I have been trying to keep myself busy the past few days so that I don't get caught up with the thoughts of hospital and surgery, which just so happens to be tomorrow. I cannot believe how quick it seems to have come around.
I've really struggled with sleep the past few days, and each night I go to bed so tired and lethargic, but just don't seem to be able to sleep. Its a mixture of pain, discomfort and worry. To be honest, as much as I am dreading the anesthetic, at least I'll get a good couple of hours sleep.
I have tidied and cleaned the house over and over again, because it feels like the only thing I'm in control of . It stops me thinking about Wednesday. In fact, I don't think our house has looked this tidy since the day we moved in 2 and a half years ago and it was empty!
I'm worrying about loads of things about Wednesday -
First off the anesthetic. I hope they give me enough so I can't feel anything, but then again, I hope they don't give me too much. Its hardly natural having the power to knock someone out with one tiny needle.
Secondly I worry about the diagnosis. Is it or isn't it? This has been going around and around in my head for so long now and I just need an answer, but at the same time I'm scared to hear the answer.
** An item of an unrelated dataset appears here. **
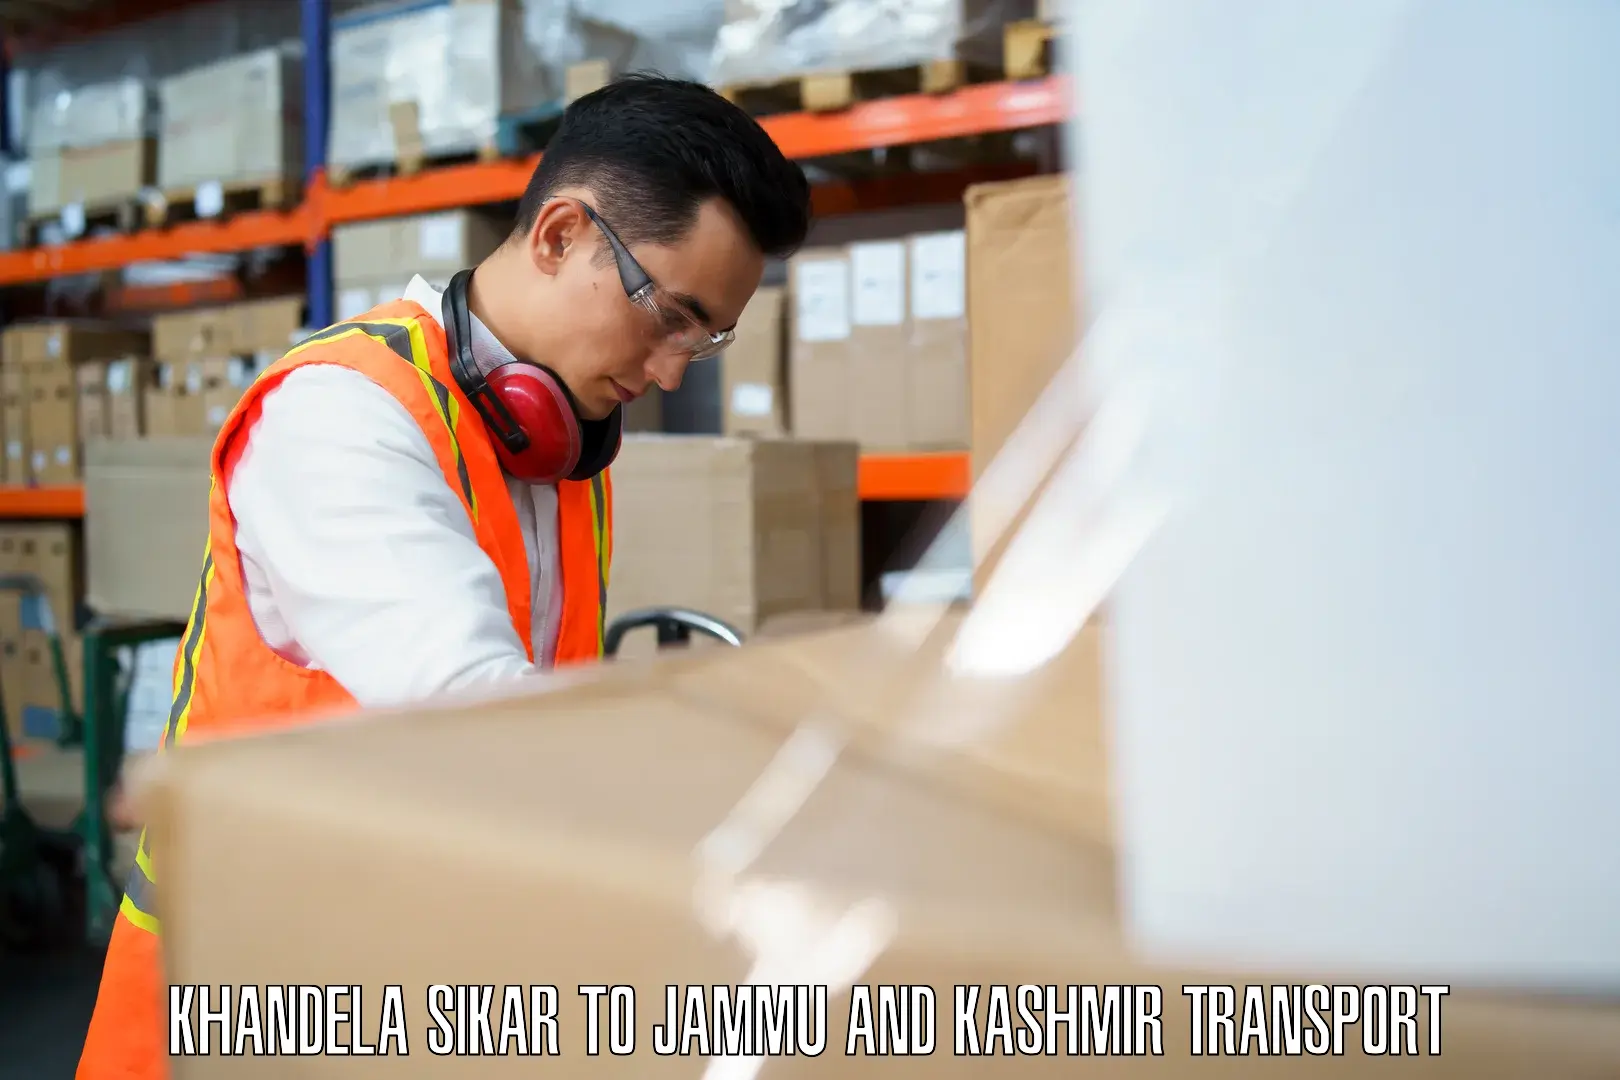 Transport shared services Khandela Sikar to Jammu and Kashmir

If this is Endometriosis, then this is a chronic illness that could affect me for many years to come, and if it's not, then what on earth is it? I'm trying to work out which is the lesser of two evils.
Thirdly, I worry about the recovery. My pain threshold isn't exactly high, and speaking to others who have been through this surgery, the first couple of days after surgery are not nice at all. I have bought in loads of cans of fizzy - thanks to people's advice!
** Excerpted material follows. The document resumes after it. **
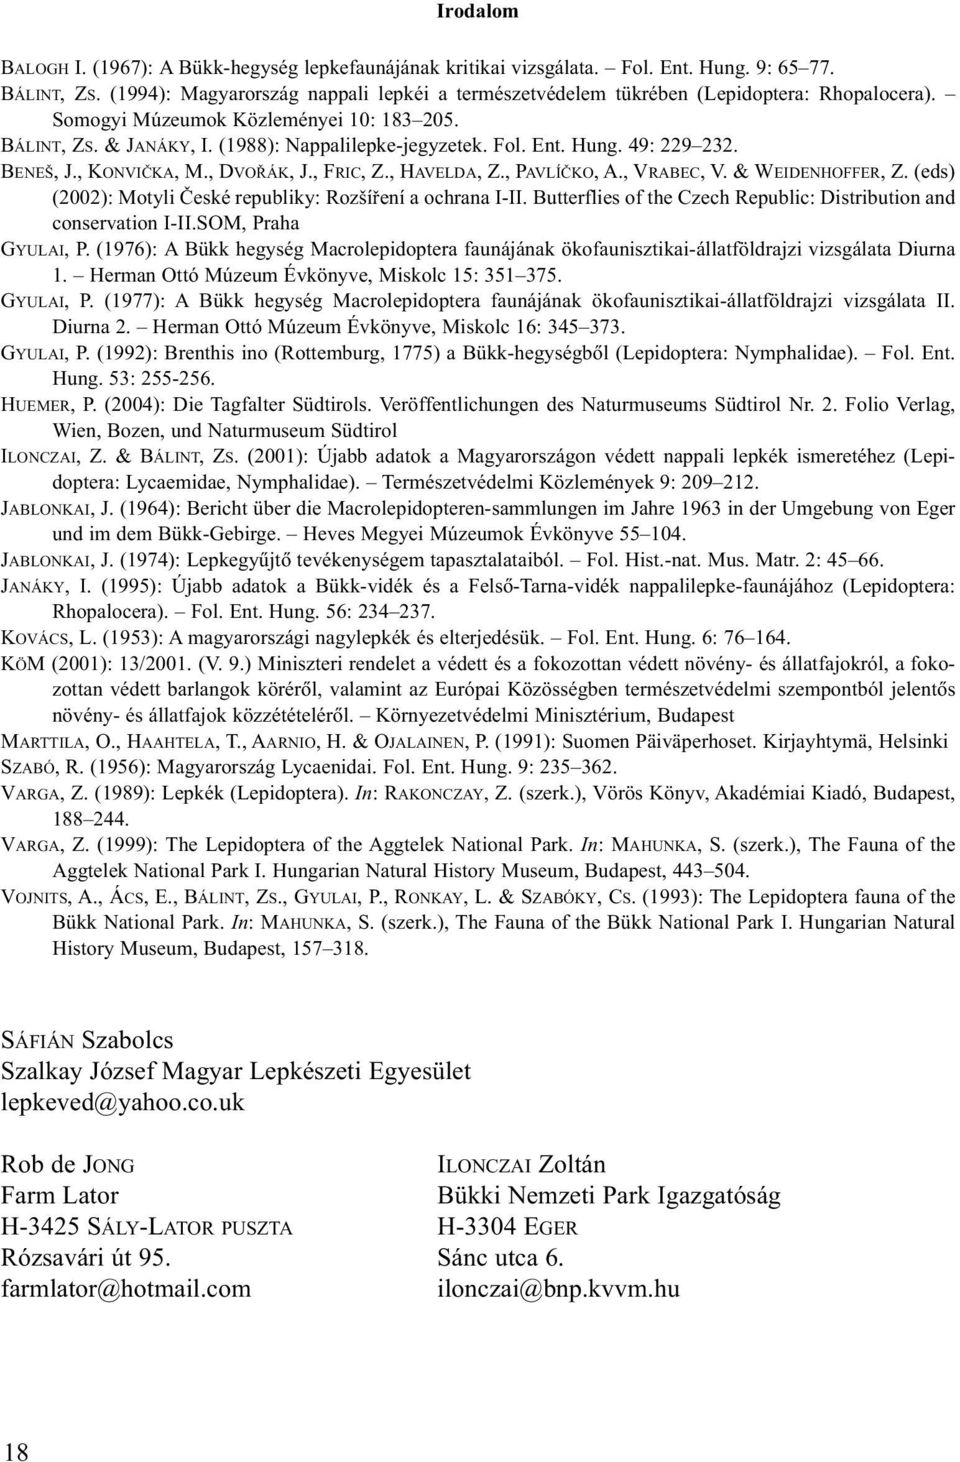 Hung. 49: 229 232. BENEŠ, J., KONVIČKA, M., DVOŘÁK, J., FRIC, Z., HAVELDA, Z., PAVLÍČKO, A., VRABEC, V. & WEIDENHOFFER, Z. (eds) (2002): Motyli České republiky: Rozšíření a ochrana I-II.

However, all that said and done, I am really looking forward to returning to reality. I have let so many people down these past few months, having to pull out of things last minute. I am truly blessed to have such wonderful, understanding friends and family. I am also really grateful to the community of girls I have met through Twitter. I never really understood the whole fascination with it, until now. I have been able to talk to other girls in my position, and have been able to get advice and support from them too. So a massive thank you to my friends, family, and endo girls - I love you all tons!
Tonight a few of my friends are taking me to the cinema - that should definitely keep my mind off of everything. Then its an early night for me, and hopefully a good night sleep. I am due on the ward tomorrow at 7.30am and even typing that made my stomach turn. ARGH!
Thanks again for taking the time to read this, I will post an update later on this week.